What you are asked to do
Where the records below reach the line containing "Forza Horizon 3: transmisión", start transcribing, and end with the line containing "Shimano SH-RP5 Cycling Shoe - Men's", exactly and with nothing else added.

Data extracts
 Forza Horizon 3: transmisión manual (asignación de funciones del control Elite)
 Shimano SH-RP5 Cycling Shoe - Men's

--

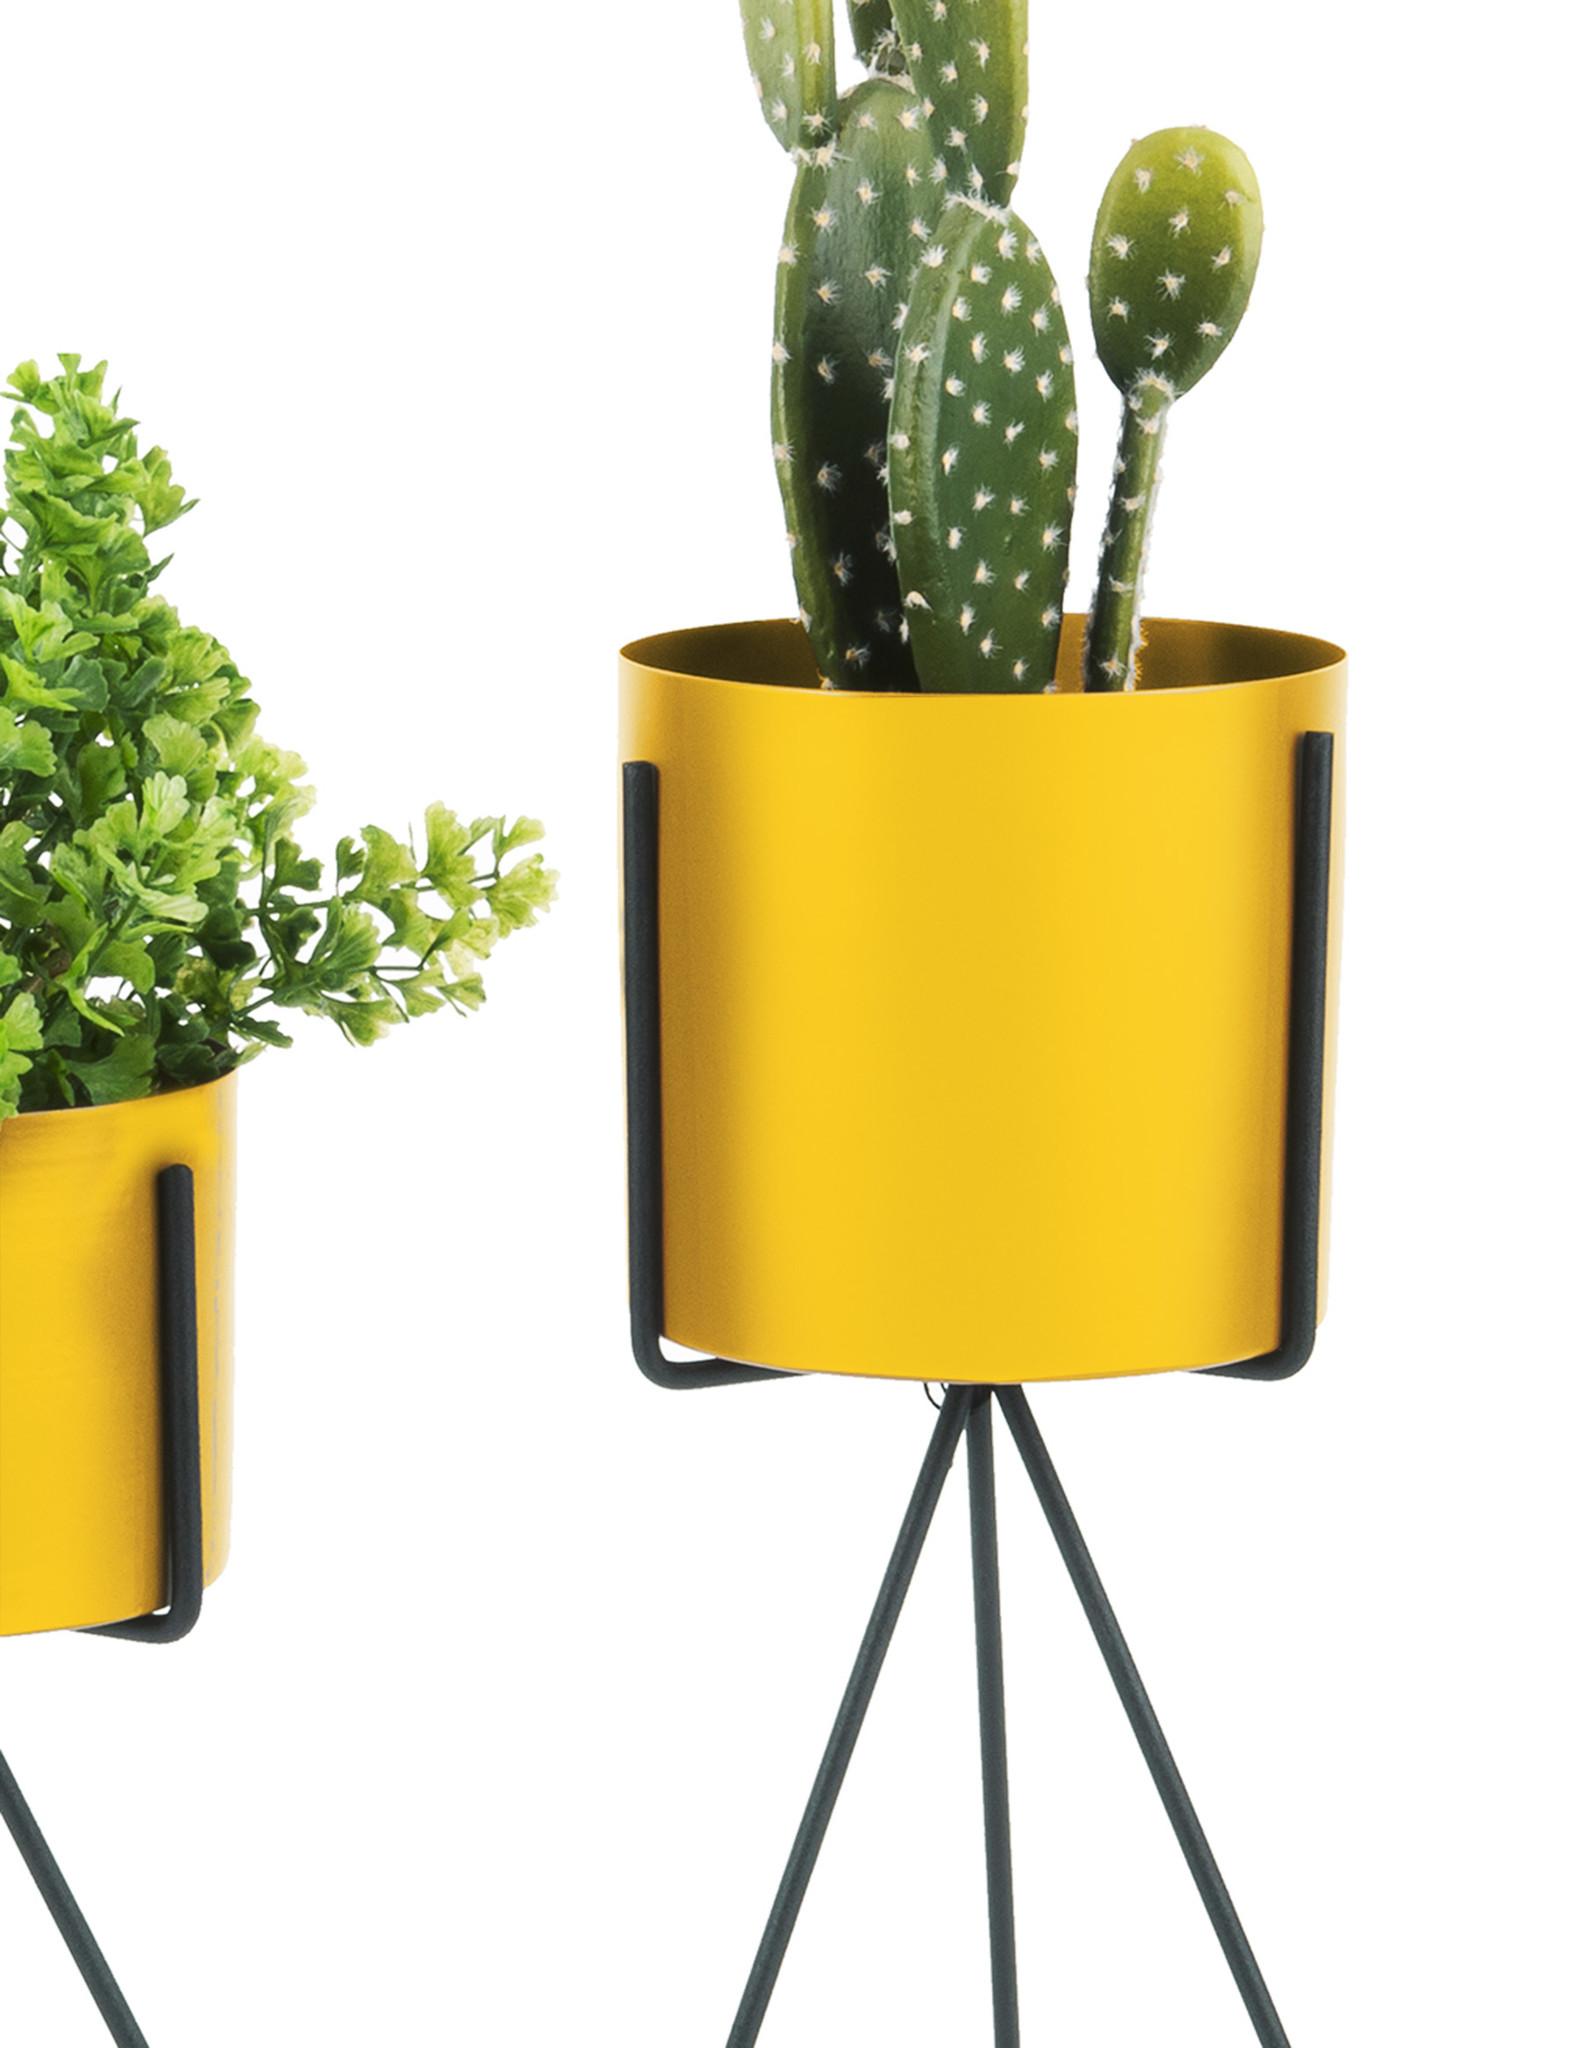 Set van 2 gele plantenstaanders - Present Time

Response below
 Forza Horizon 3: transmisión manual (asignación de funciones del control Elite)
 Shimano SH-RP5 Cycling Shoe - Men's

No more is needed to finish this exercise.